Are they calling equation 3 a closed-form expression? In this case the title and the claim in the introduction are rather misleadinng, because computing 3 requires you to train autoencoders.


You don't train it for every image; in this way, a neural network often is a "closed-form solution": it provides you an equation, admittedly a very convoluted one, which can be used to obtain its solution, admittedly usually an approximation, in a finite amount of time. The normal solution to this problem (according to the paper) is an iterative technique "to solve an optimization problem of matching the Gram matrices of deep features extracted from the content and style photos", whereas this one is simply two passes: stylization and smoothing.
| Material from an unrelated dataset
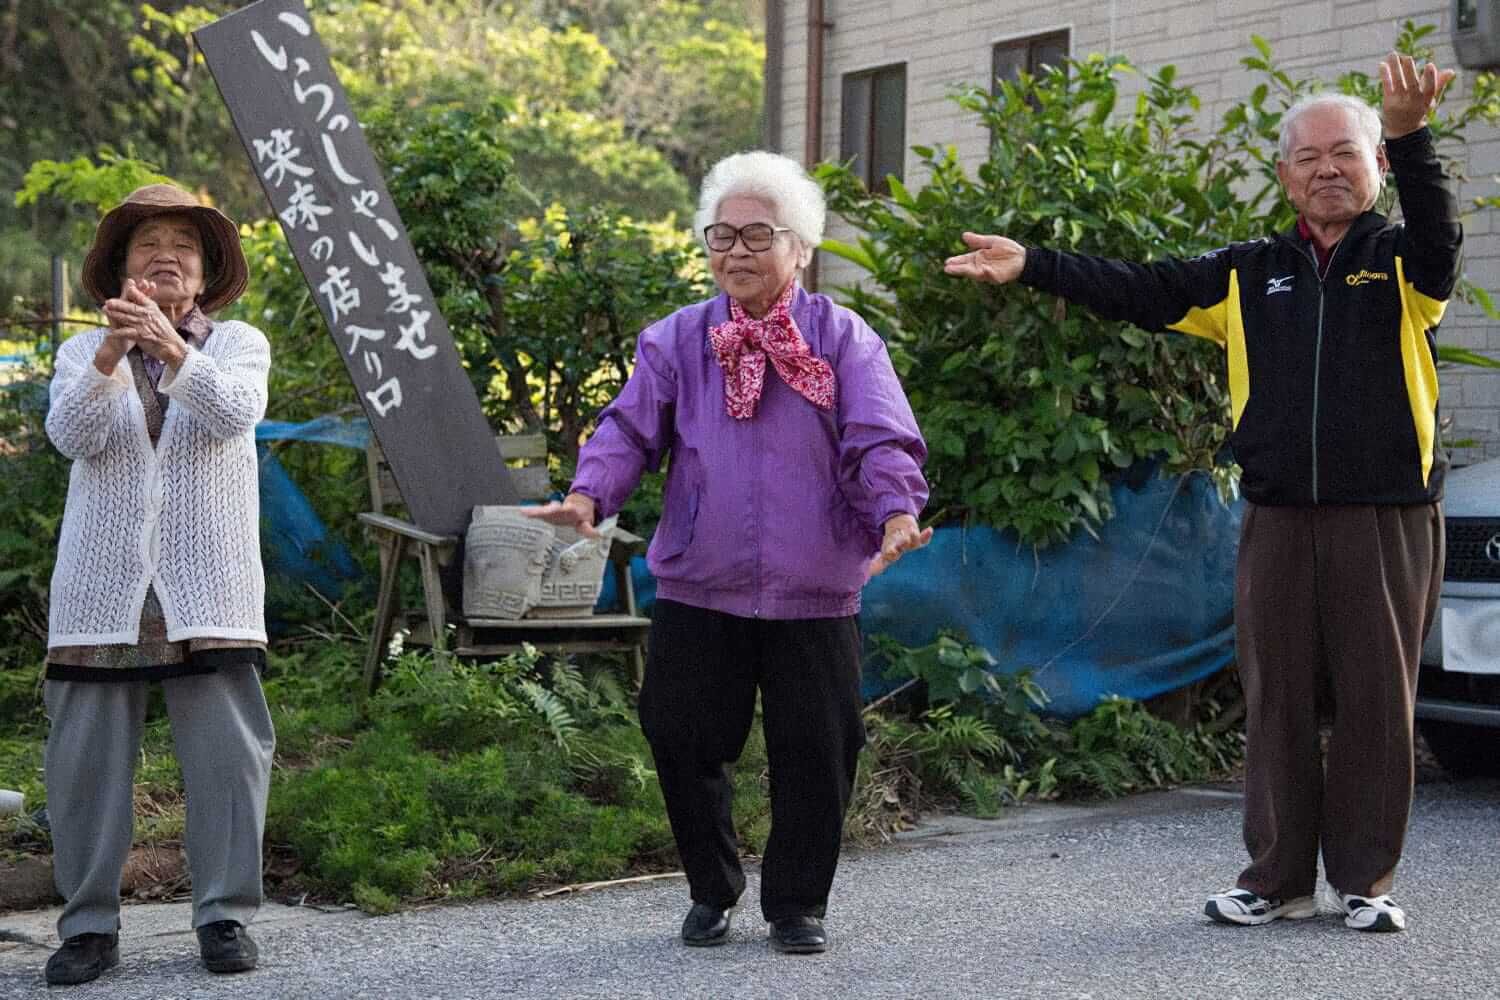 Жители деревни Огими. Фото: okinawa.stripes.com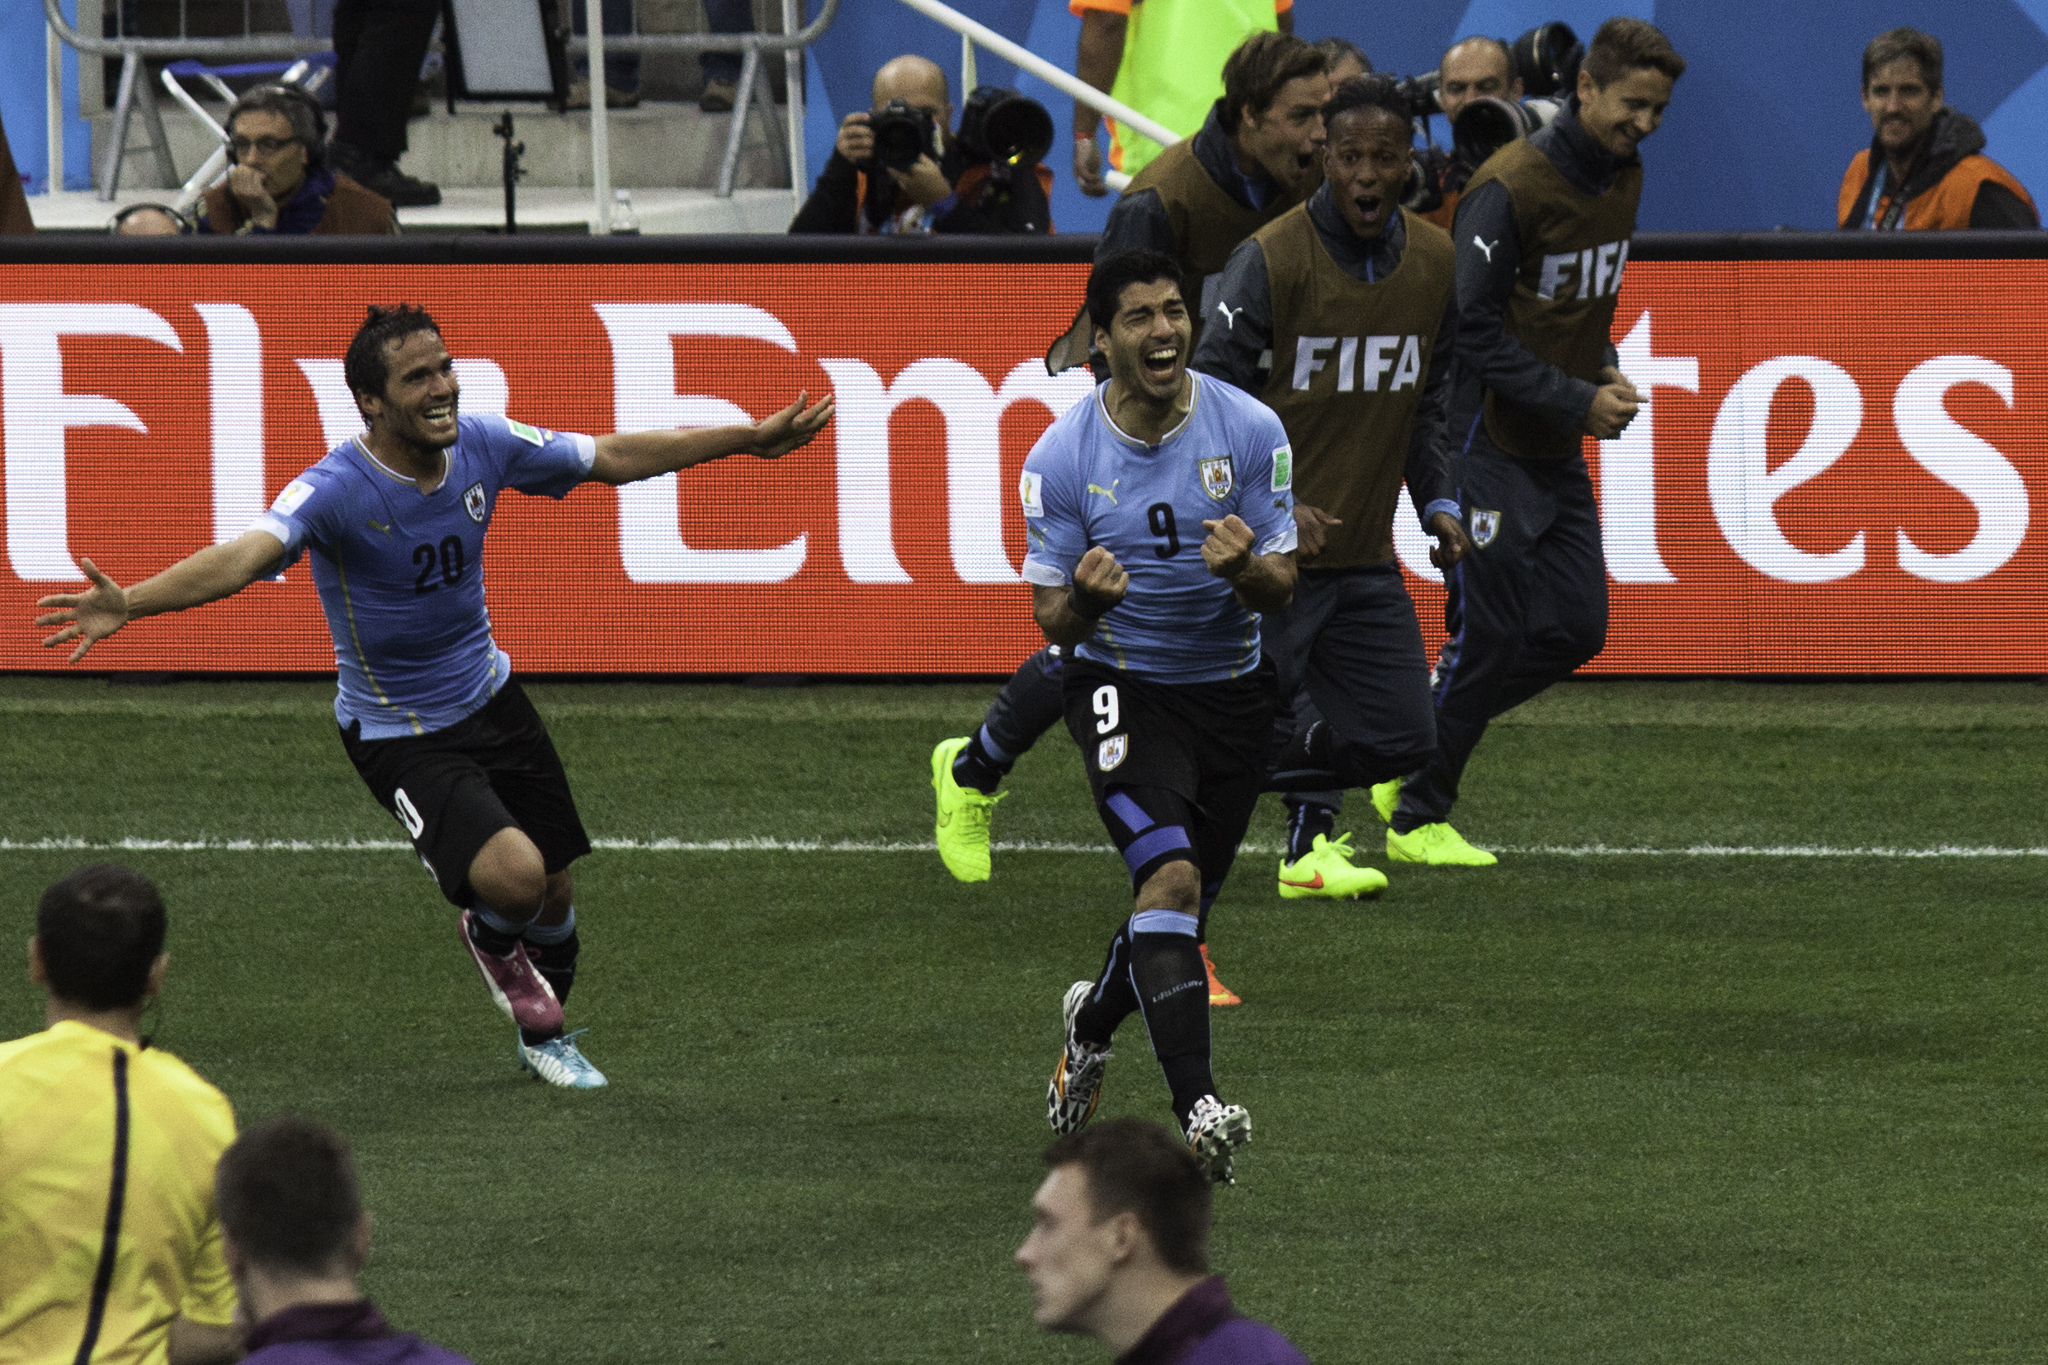 FIFA World Cup 2014 - Uruguay 2 - England 1 - 140619-6454-jikatu (14282608880).jpg

Not sure if I understand, don't every neural network ever produce some approximation in finite time? In what sense is this approach "closed-form"?


Previous stylisation was slow because it needed to SGD optimisation for each image to be stylised. This uses a NN trained once. When you've trained a NN it is precisely a closed form solution, in the style y = max(0, 3x + 4). However they are normally a little longer to wrote down :P


Ah okay right this is the answer. Previous approaches [1] are deep generative models that you have to optimize for each input, whereas here you run just a forward evaluation on a model that you've trained beforehand.

I would still argue the term closed-form is misleading here, because:

- Even during training at any given time you can read off a "closed-form expression" of the neural network of this type, so closed-form in this broad sense really doesn't mean much. Furthermore any result of any numerical computation ever are also closed-form solutions according to this, on the grounds that they result from a computation that completed in finite number of steps. So really whenever you ask a grad student to run some numerical simulation expect them to come back saying "Hey I found a closed-form expression!"

- The reason the above is absurd is that these trained NN's aren't really solutions to the optimization problem, but approximations. So this is really saying I have a problem, I don't know how to solve it but I can produce a infinite sequence of approximations. Now I'm gonna truncate this sequence of approximations, and call this a closed form solution.

The analogy in highschool math would be computing an infinite sum that doesn't converge, but now let's instead just add to some large N, and call this a closed-form solution.

[1] e.g. https://arxiv.org/pdf/1508.06576.pdf


Actually, I agree with you. Initially you seemed to object to the term "closed form"; this now highlights the more pertinent point - these models are 100% closed form, but 0% "solution" in the formal sense.


Someone correct me if I'm wrong, but I believe this refers to the fact that it can be expressed in terms of certain simple mathematical operations like addition, subtraction, multiplication, powers, roots etc.—and as a consequence, the execution is very efficient. My understanding is that 'closed form' solution is essentially something that resembles a polynomial (again, accepting corrections!).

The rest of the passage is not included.